By Jake Murray
"I don't remember the first time / but I think I survived." It's been three years since The Naked and Famous released their titanic debut album Passive Me, Aggressive You and in that time they've not exactly been in hiding. Since their debut release the group have toured the globe pretty much every year, released a live film, and moved to Los Angeles where they began work on their followup. The new album In Rolling Waves is the next step for the group, recorded and produced with ex-NIN bass-fro Justin Meldal-Johnsen and mixed by the Davinci-like Alan Moulder. The album has pushed on from fuzzy guitar-laden teen anthems to, well, a more mature synth-laden post-teen anthem anthology, of sorts.
Bulging in with a throaty synth and a jangly guitar, 'A Stillness' wastes no time in distinguishing the group from their Passive Me, Aggressive You days - if opening tracks are anything to go by (and they almost always are) it's clear from the first listen that you're in for a more carefully constructed, more consciously melodic ride. In an effort to not move too far away from the pop-anthems of the first record, 'Hearts Like Ours' follows with a HUGE chorus driven along by powerful "woahhh". The song, along with 'Rolling Waves', splashes and thrashes in a similar manner to their earlier work but with an added sense of maturity and reservation.

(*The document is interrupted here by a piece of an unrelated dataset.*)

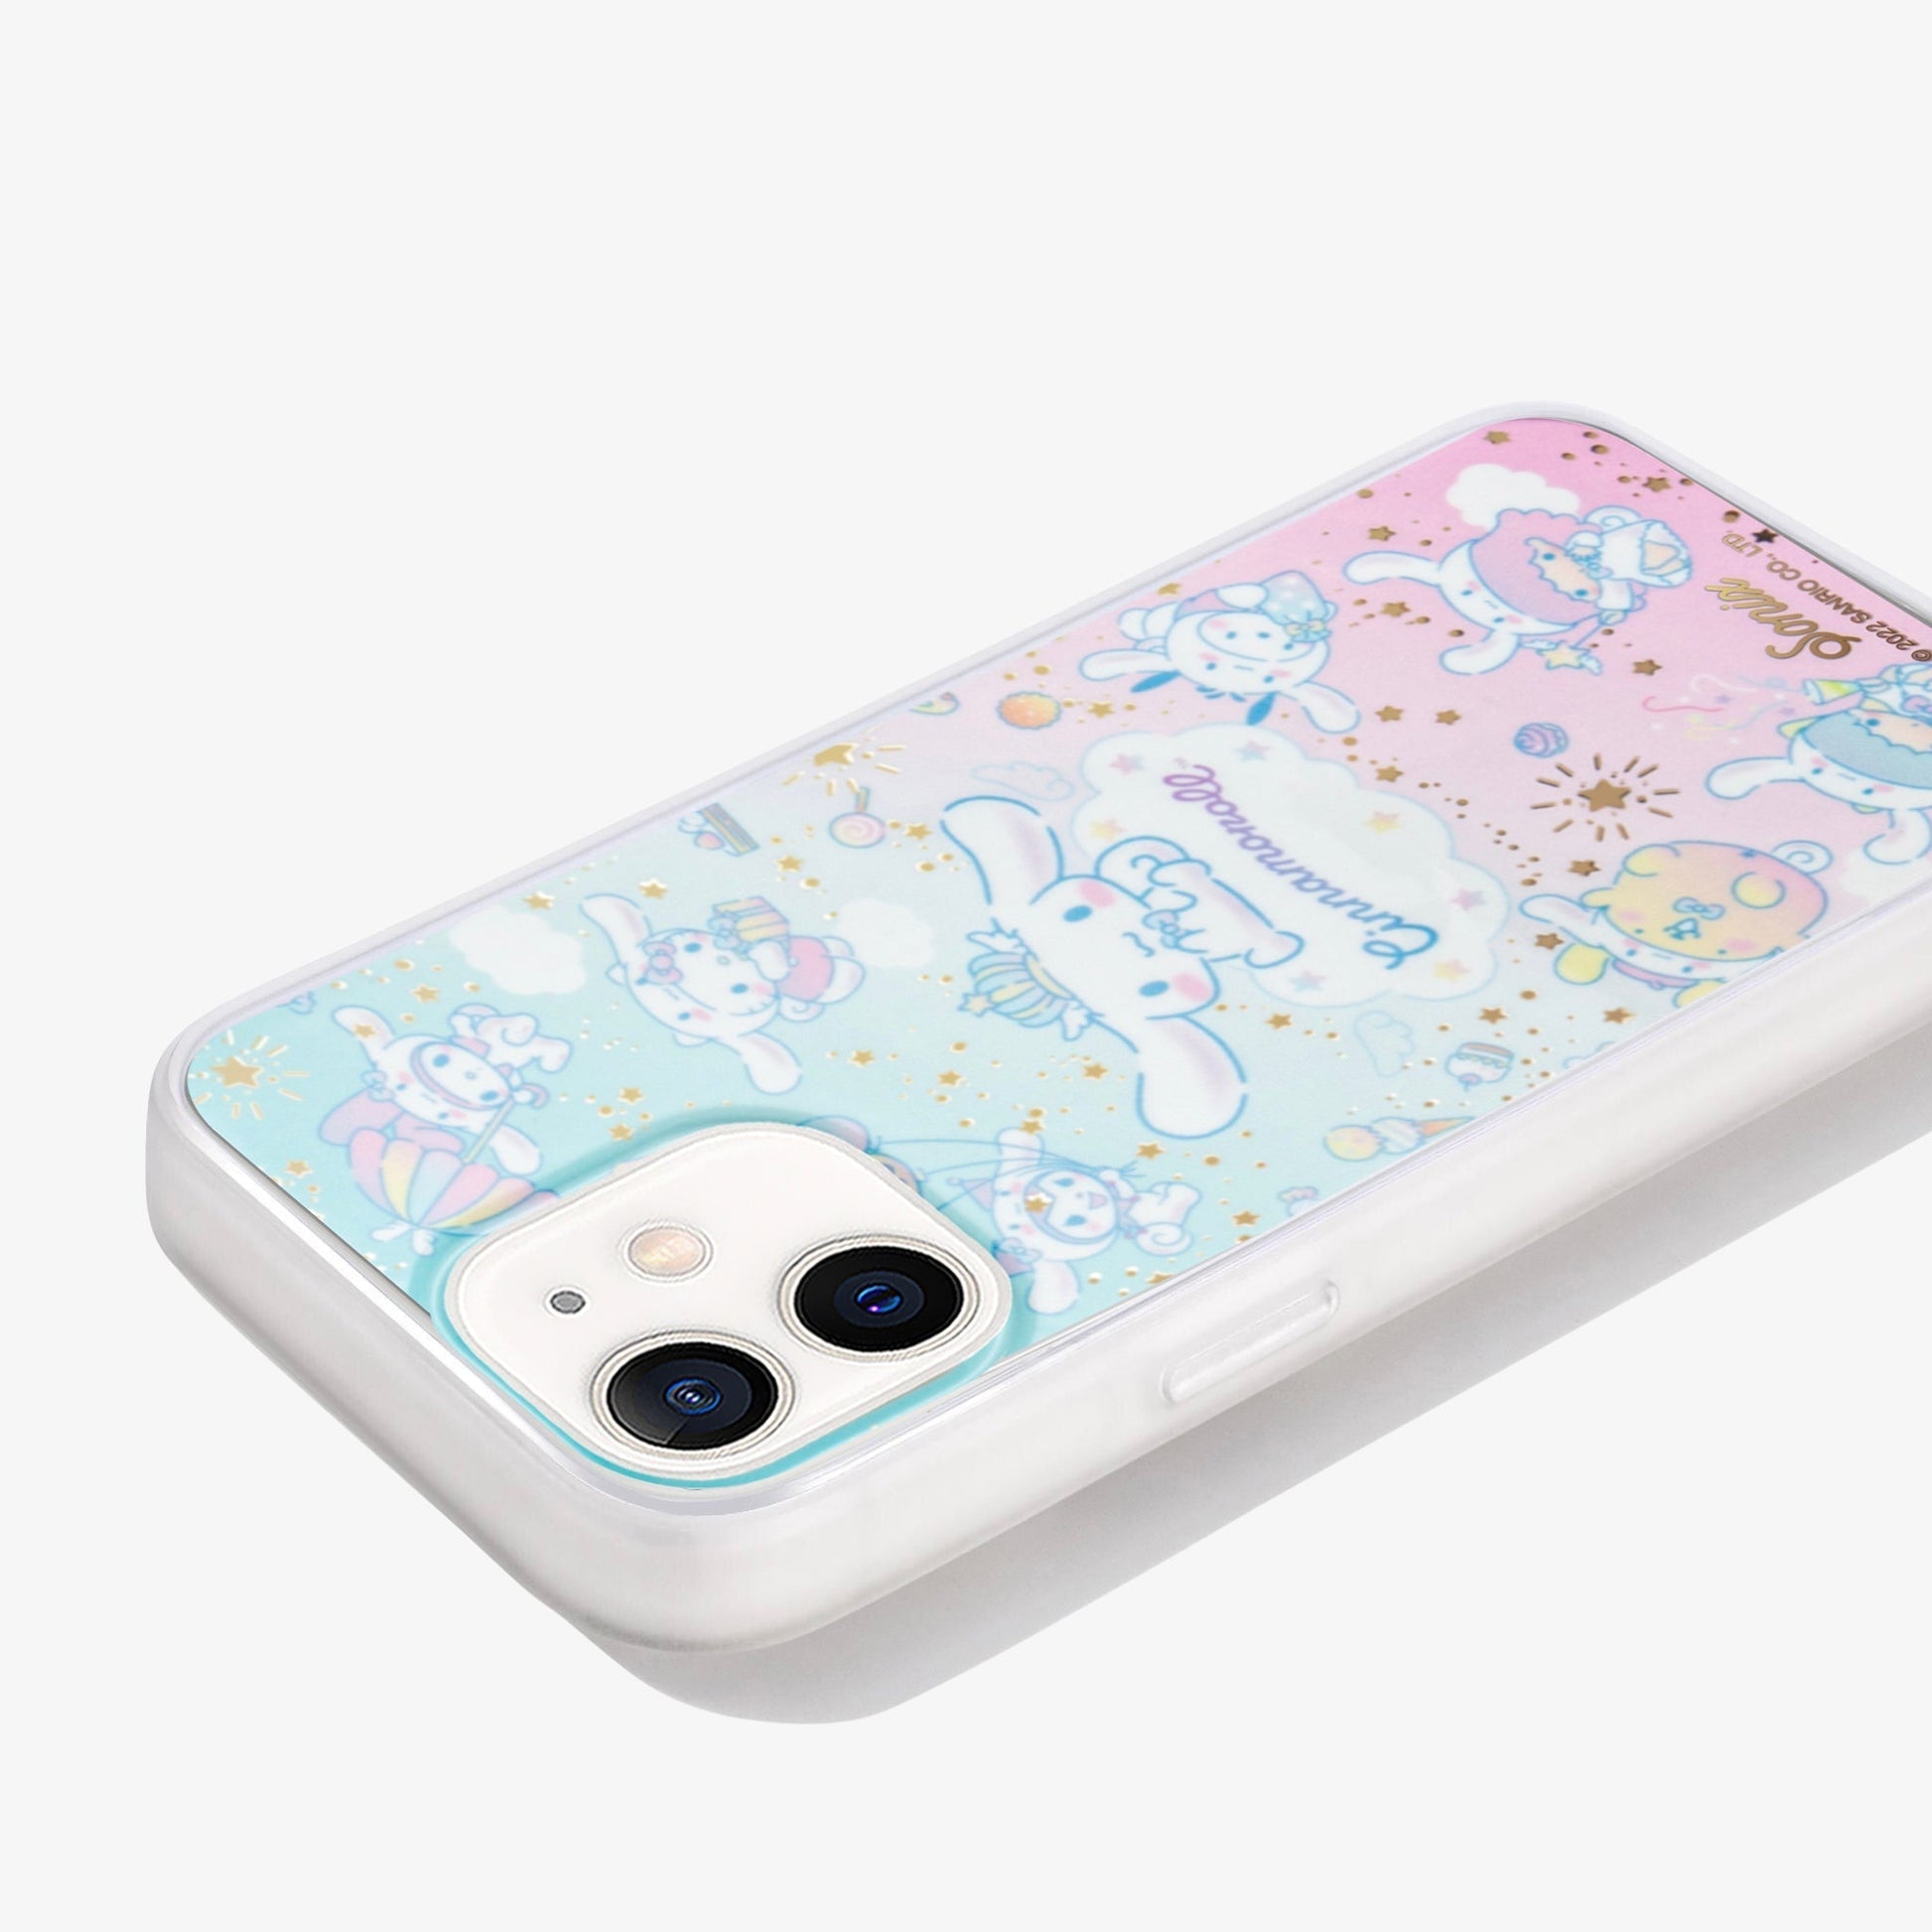 Pink and blue iphone case with gold stars, clouds, and hello kitty character cinnamoroll on an iphone 12 side view

With the "intro" songs out of the way the first of the album's most accomplished tracks, 'Waltz', begins. With a similar timbre to 'The Source' from the quintet's debut album, the song is a slow-building, synth-based track with a steady, eager beat and stunning duet-vocals. A reverb-drenched vocal sample synth leads the way atop a swelling eBow, all the while pushing through dancefloor-friendly motions without ever needing to kick off into something "big" or heavy. Subtleties in Moudler's mixing really show through here with drums jumping from left to right and clever vocal layering on lines "kick up your heels on the double" and "as the worlds pile up" leave this humble production nerd giggling like a wee boy. The song is met with its equal later in the album, 'Grow Old', a 6 minute slowpus™ with more soft fuzzy synths and one of the best uses of vocoder in years. Seriously. Gentle baby mobile chimes float around while a broken guitar glitches sombrely and the synthesiser swells only to die away again. The song, like many others on the record, focuses on the aftermath of a breakup with bitter, almost blasé lyrics about who holds the blame this time: "I'm sorry for explaining how you fucked it up again / now I'm watching you backpedal / I wasn't supposed to feel ashamed."
Lyrically, In Rolling Waves is a huge step forward from Passive Me, Aggressive You, but that's not to say that they were ever bad. Lines like "I am a fire if you hesitate" in 'Waltz' or in 'The Mess': "How does it feel to be on the fault-line? / And how do we feel when we're on the decline? / 'cause it's a hell of a long way to fall just to learn to get up." An important song to mention whilst on this theme is 'I Kill Giants' which, while sounding upbeat and fun, is actually a truly touching, heartfelt song about singer Alisa's mother dying of cancer. 'A Small Reunion' is another interesting song written on an acoustic guitar that builds into a huge string-backed grand finale that seems to be about the group leaving New Zealand for America: "Here's to me and here's to you."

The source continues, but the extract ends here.